Les règles de la poésie latine sont aussi bien plus faciles à observer qué celles de la poésie française: la gêne qu'elle impose n'approche pas de l'esclavage où est réduit le poèté français par l'obligation de suspendre l'hémistiche, de remplir le nombre des syllabes, d'éviter le froissement des sons qui se heurtent désagréablement, et surtout de porter le joug de la rime, qui seul est plus pesant que toutes les entraves de la poésie latine.

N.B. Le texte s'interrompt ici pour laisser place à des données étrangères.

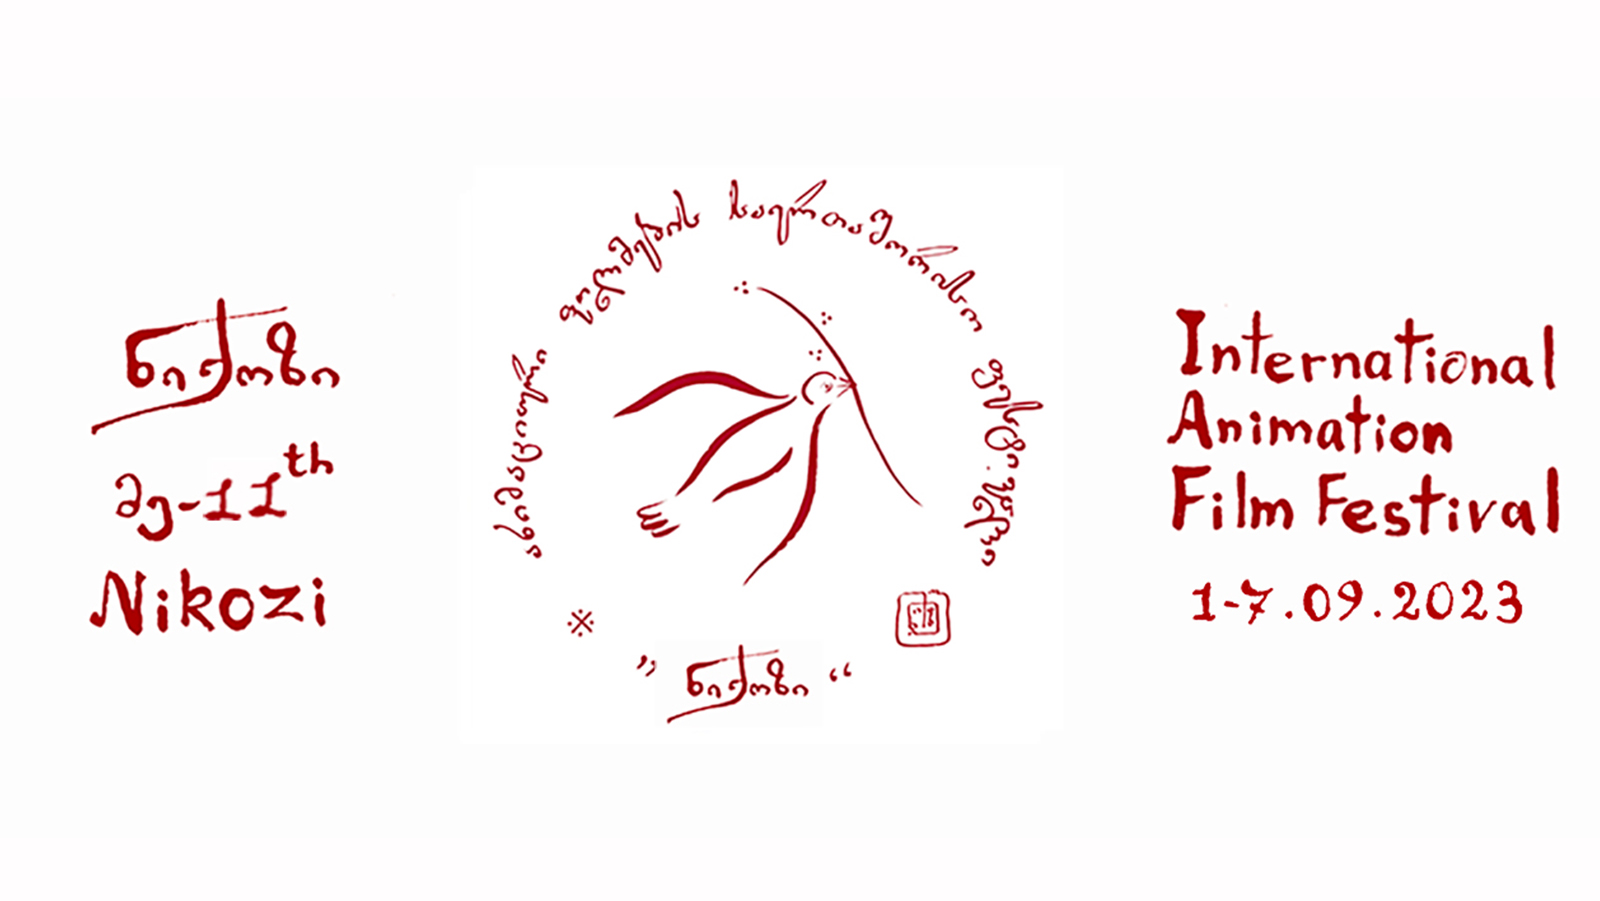 Nikozi International Animation Film Festival artwork. Courtesy image
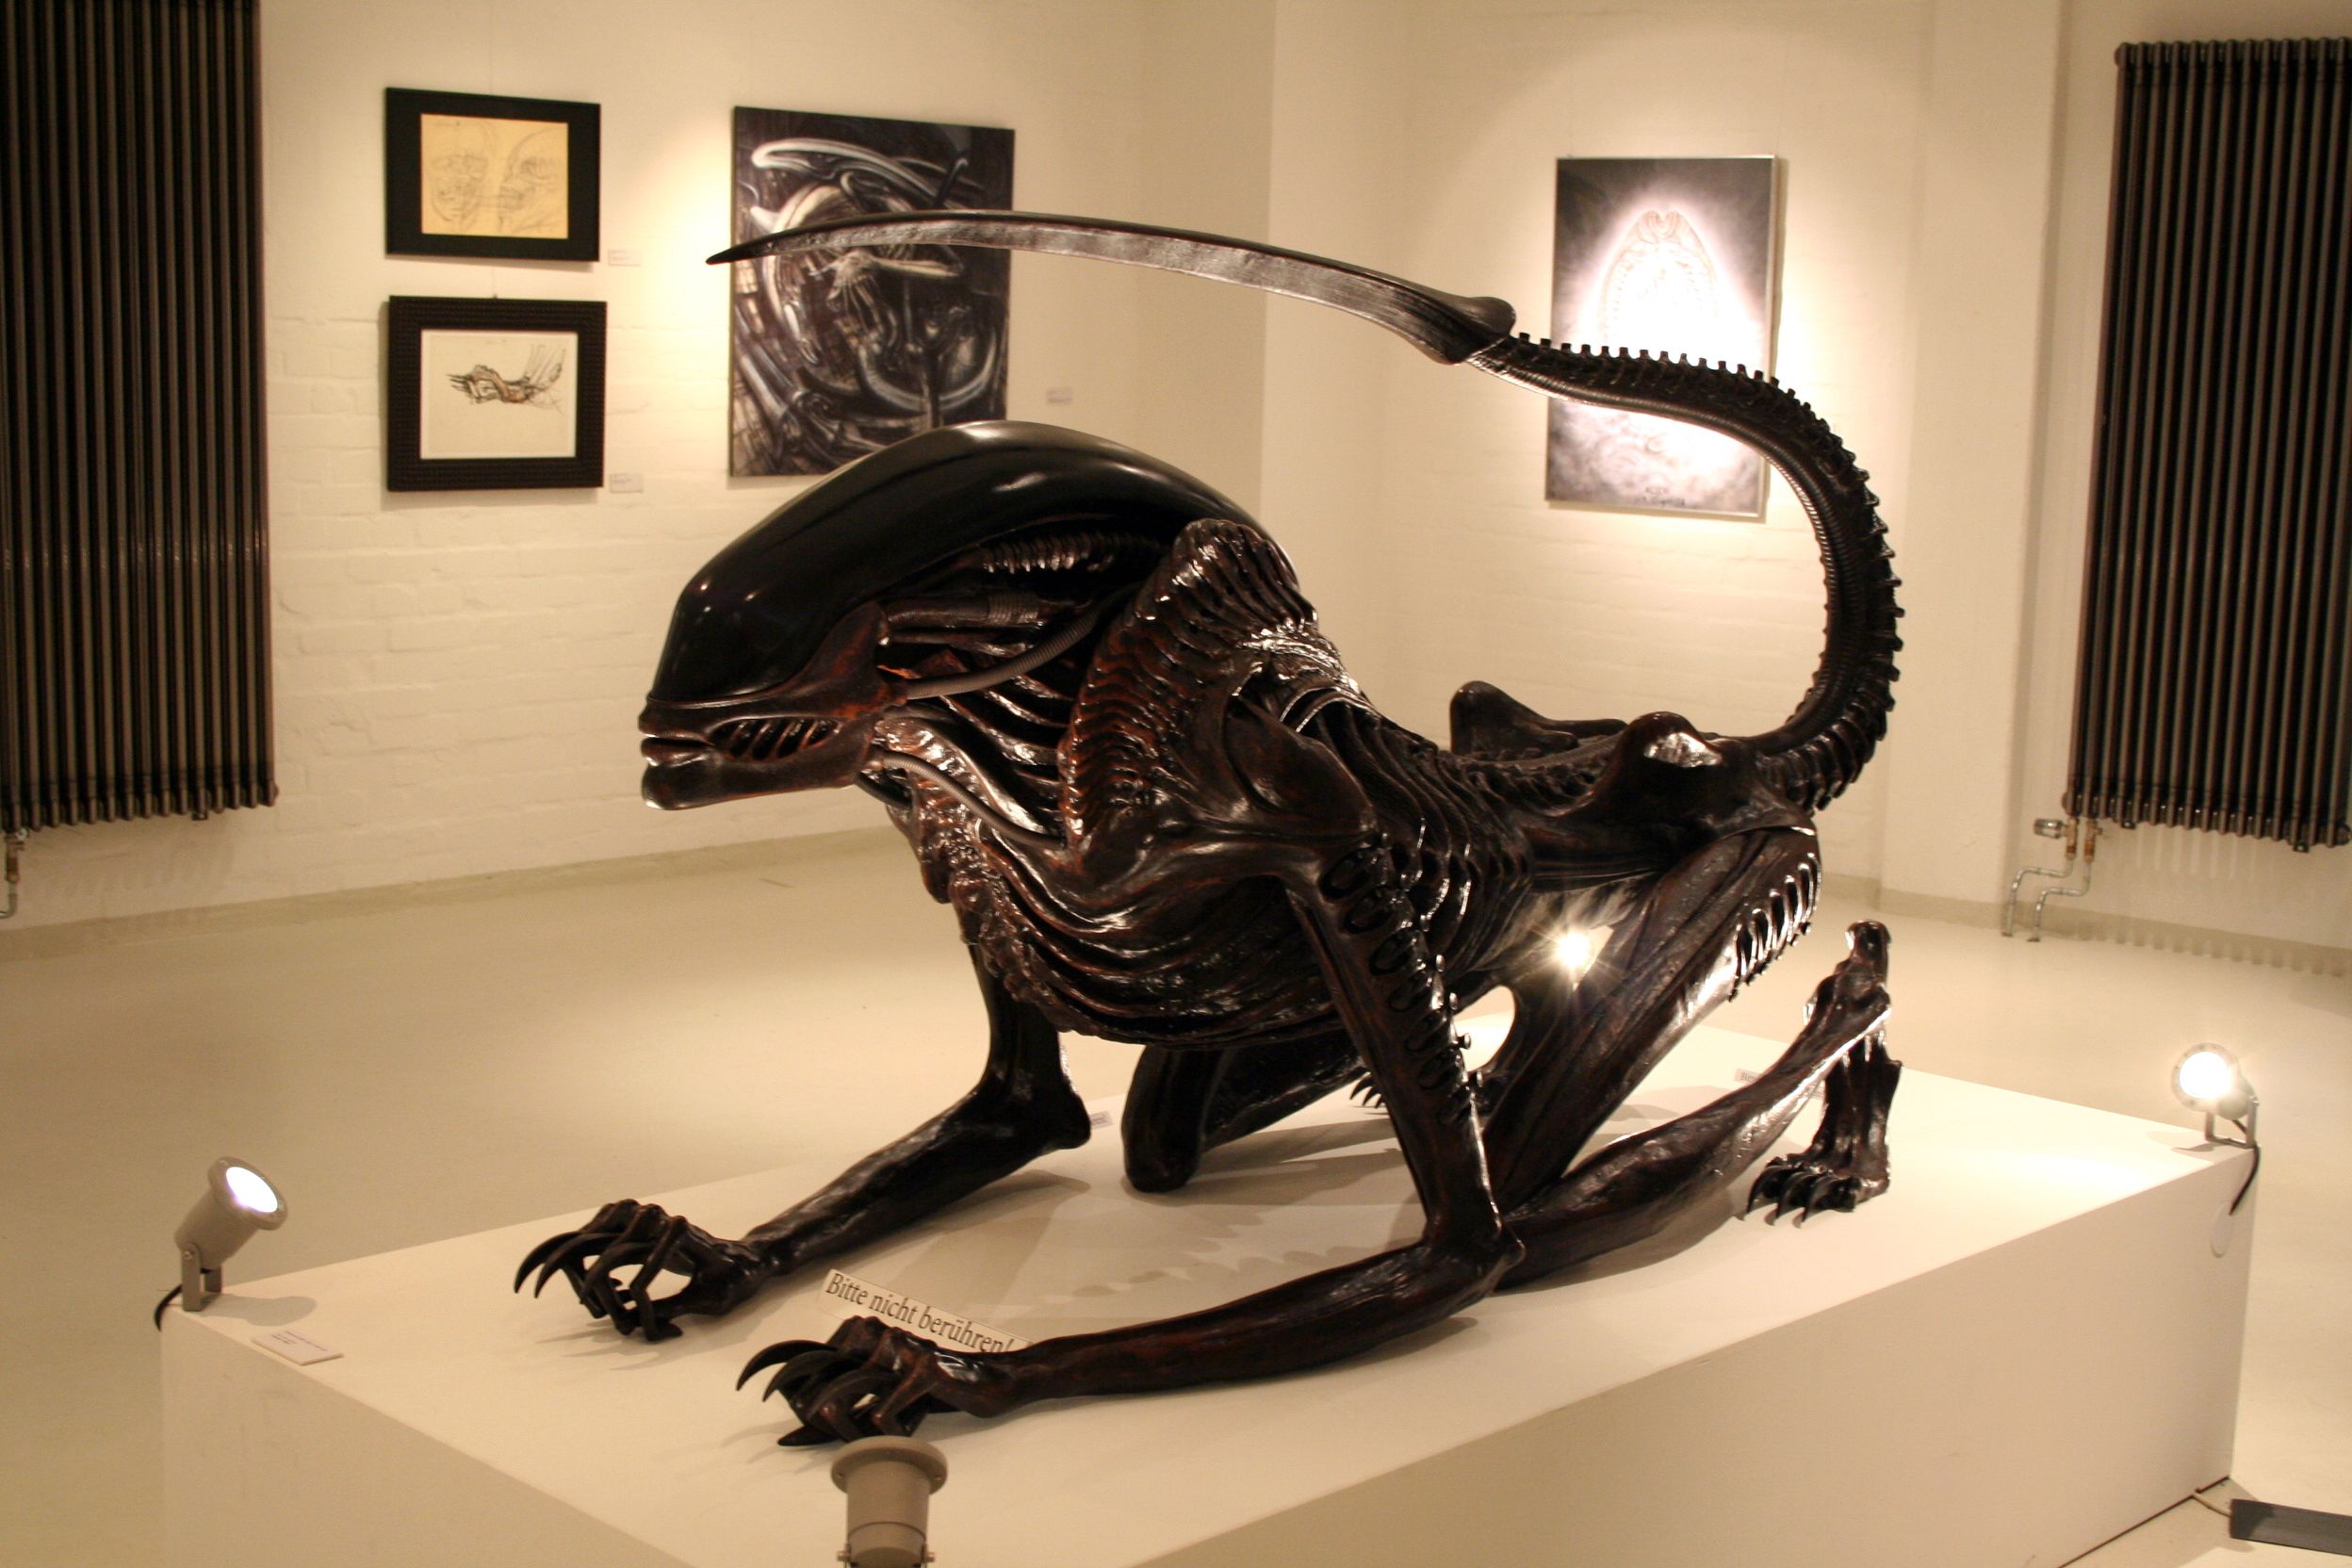 Die ikonische 'Alien'-Skulptur von H.R. Giger wird als NFTs fraktioniert

Enfin, malgré cette gêne, l'observation des règles de notre poésie produit de moins grandes beautés que l'observation des règles de la poésie latine. Dans celle-ci, le mélange marqué des syllabes brèves et longues amène nécessairement le rhythme : dans la nôtre, les règles ne prescrivent rien sur la durée des syllabes, mais seulement sur leur nombre arithmétique; de sorte que des vers français peuvent être réguliers sans être nombreux, et satisfaire aux lois de la versification sans satisfaire à celles de l'harmonie.

Je n'ai parlé jusqu'à présent que de cette harmonie générale qui, par l'heureux choix, l'enchaînement mélodieux des mots, flatte agréablement l'oreille. Il est une autre

espèce d'harmonie nommée imitative, harmonie bien supérieure à l'autre, s'il est vrai que l'objet de la poésie soit de peindre. Pope en donne l'exemple et le précepte à la fois dans des vers imités admirablement par l'abbé Duresnel, et que j'ai essayé de traduire:

Peins-moi légèrement l'amant léger de Flore;

Qu'un doux ruisseau murmure en vers plus doux encore.
Entend-on de la mer les ondes bouillonner?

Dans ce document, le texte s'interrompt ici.